The material beneath this line should be printed exactly, with its pictures omitted.

_Information supplied_
------------------------

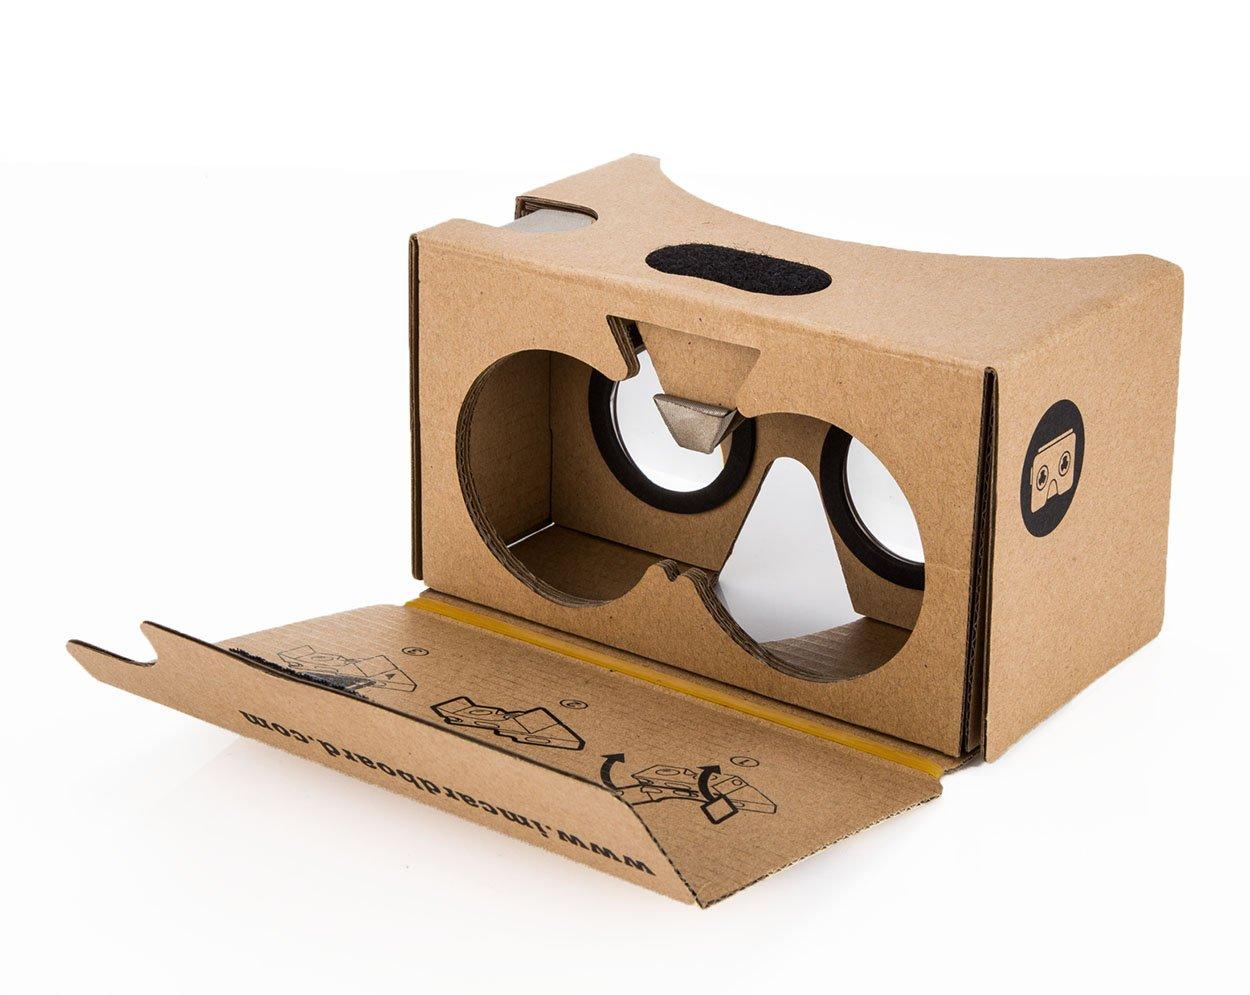 amazon com i am cardboard vr cardboard kit v2 cell phones
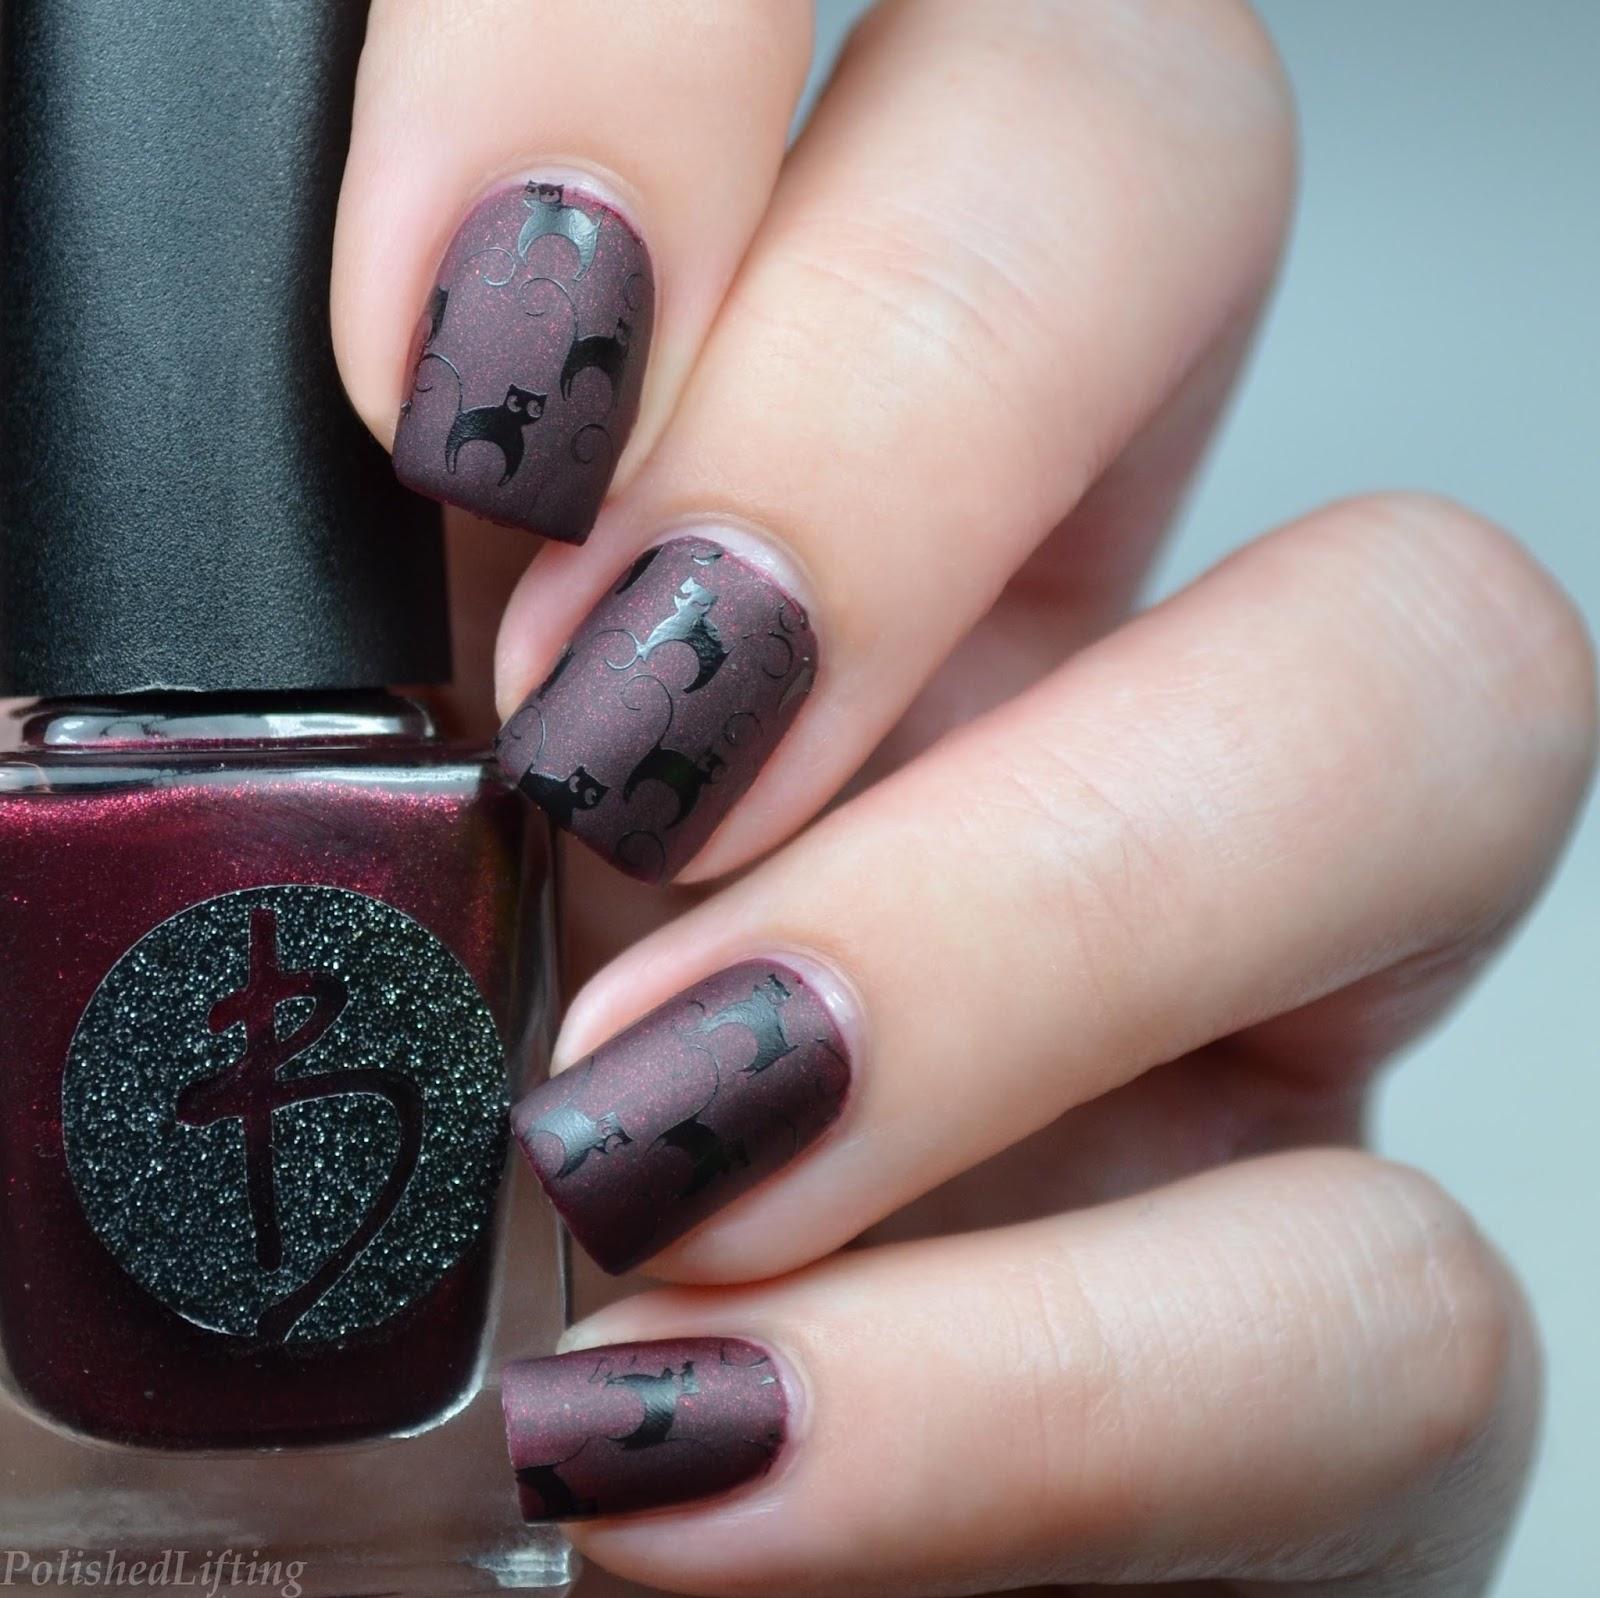 Polished Lifting: 16 Halloween Nail Art Ideas
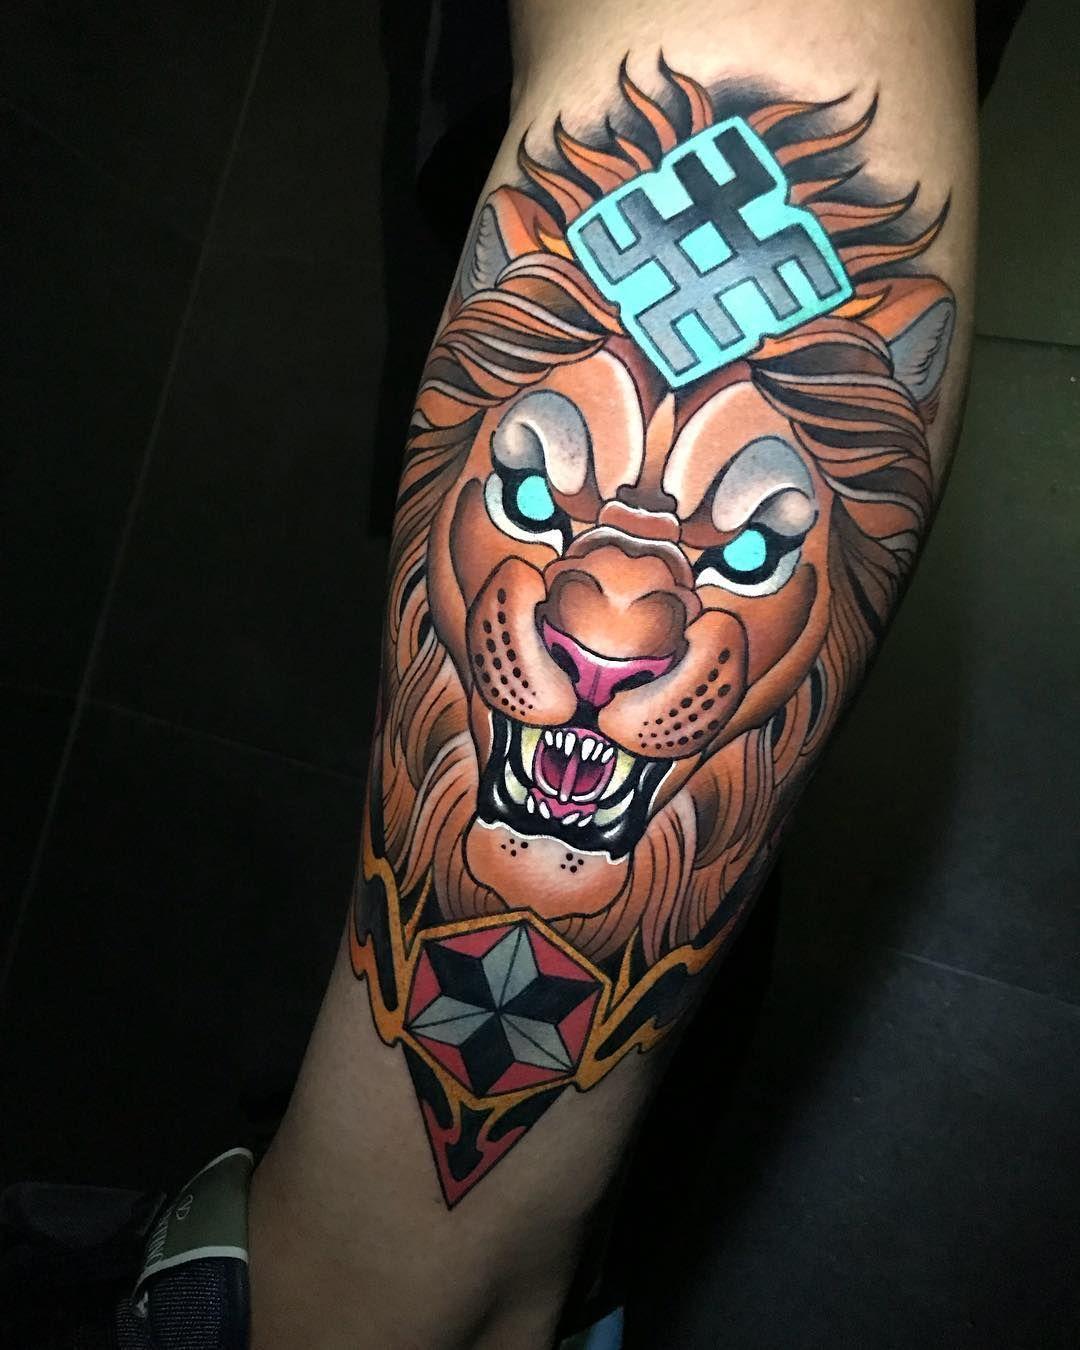 Tattoo artist Johnny Domus Mesquita colorfull neo

------------------------

_Response box_
 amazon com i am cardboard vr cardboard kit v2 cell phones
 Polished Lifting: 16 Halloween Nail Art Ideas
 Tattoo artist Johnny Domus Mesquita colorfull neo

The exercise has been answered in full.